The pantheon of living organisms is about to get some newcomers — and we’re not talking about extraterrestrials,” announces the June 4 issue of Newsweek (‘Playing God’). It takes stock of initial advances in the field of Synthetic Biology, or SynBio. “Scientists in the last couple of years have been trying to create novel forms of life from scratch. They’ve forged chemicals into synthetic DNA, the DNA into genes, genes into genomes, and built the molecular machinery of completely new organisms in the lab—organisms that are nothing like anything nature has produced. The people who are defying Nature’s monopoly on creation are a loose collection of engineers, computer scientists, physicists and chemists who look at life quite differently than traditional biologists do. Harvard professor George Church wants ‘to do for biology what Intel does for electronics’ — namely, making biological parts that can be assembled into organisms, which in turn can perform any imaginable biological activity.” Among the biodevices scientists hope to get on the finishing line by early as 2009 is a way of producing a substance to treat people with quinine-resistant malaria.
The Economist marks the 40th anniversary of the Six-Day War (‘Israel’s wasted victory’, May 26-June 1). Calling Israel’s triumph over its Arab neighbours “one of history’s Pyrrhic victories”, its cover leader notes: “Part of the problem was the completeness of the triumph.” The victor tended to see a “divine hand” in the seeming finality of result, and the losers were paralysed by humiliation: “The Arabs did not phone to sue for peace and Israel did not mind not hearing from them.” How to break from the violence and blame game that has gone in the past four decades? “Israel must give up the West Bank and share Jerusalem; the Palestinians must give up the dream of return and make Israel feel secure as a Jewish state. The rest is detail.”
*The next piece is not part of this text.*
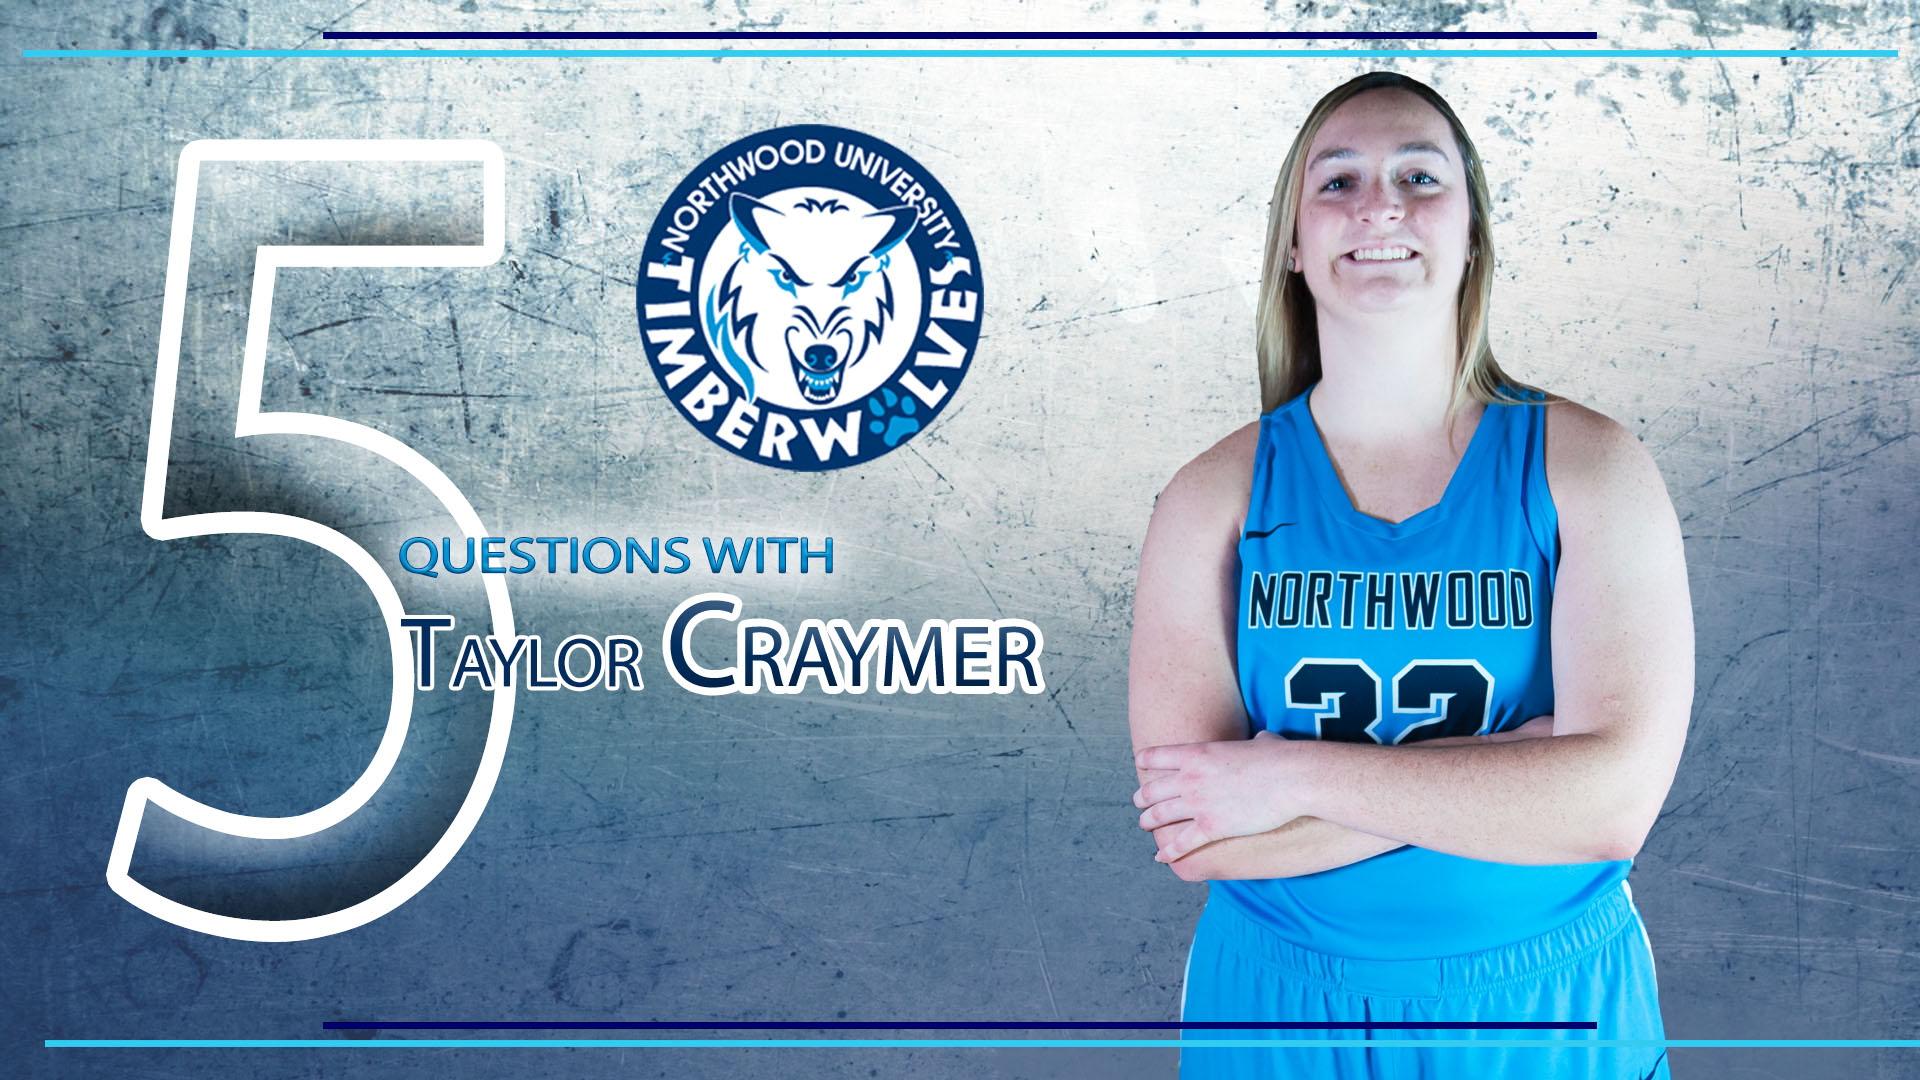 Northwood Athletics - 5 Questions with Taylor Craymer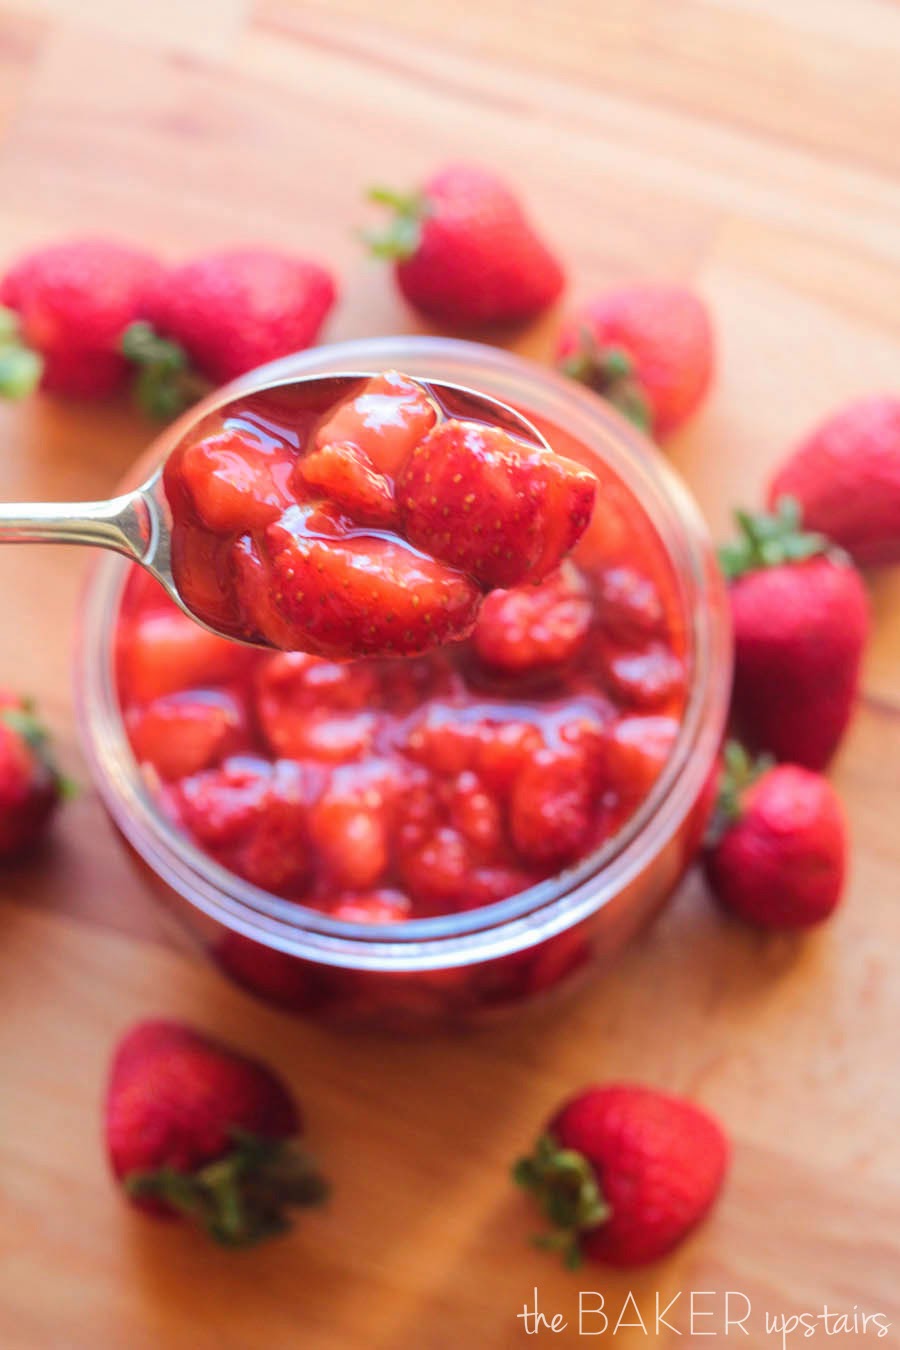 This fresh strawberry sauce is pretty much just the essence of summer… it's so fresh and delicious and full of juicy berries!

There is a wealth of detail to be found in New Yorker editor David Remnick’s long look at the books on the war (‘The Seventh Day: Why the Six-Day War is still being fought’, May 28). Reviewing the work of Israeli New Historians like Tom Segev, he explains, “It was not until the nineteen-eighties, after the opening of various state archives and the coming of age of a generation more disillusioned and less beholden to the old myths than the founders, that Israeli scholars began to confront some inconvenient facts.”
The New Statesman keeps its focus to Gaza and argues, “The world cannot afford to stand by while the Israeli army and Palestinian militias fight their unwinnable and bloody war. Already, al-Qaeda is exploiting any power vacuum” (‘Gaza: the jailed state’, May 28).
Meanwhile: Time (June 4) looks at the magnificent makeover of Singapore and notes its inevitability: “Faced with challenging long-term economic prospects and a flagging birth rate, Singapore’s leaders have determined that the future of its 4.4 million citizens depends upon attracting multinational corporations along with hundreds of thousands of ambitious, educated (and preferably wealthy) foreigners to work and live there.” Fortune (May 28) considers the entry of Generation Y into the workplace. And in the June issue of Scientific American, Kaushik Basu returns to the Traveler’s Dilemma, which is now at the heart of game theory: “The idea of behaviour generated by rationally rejecting rational behavior is a hard one to formalise. But in it lies the step that will have to be taken in the future to solve the paradoxes of rationality that plague game theory and are codified in Traveler’s Dilemma.”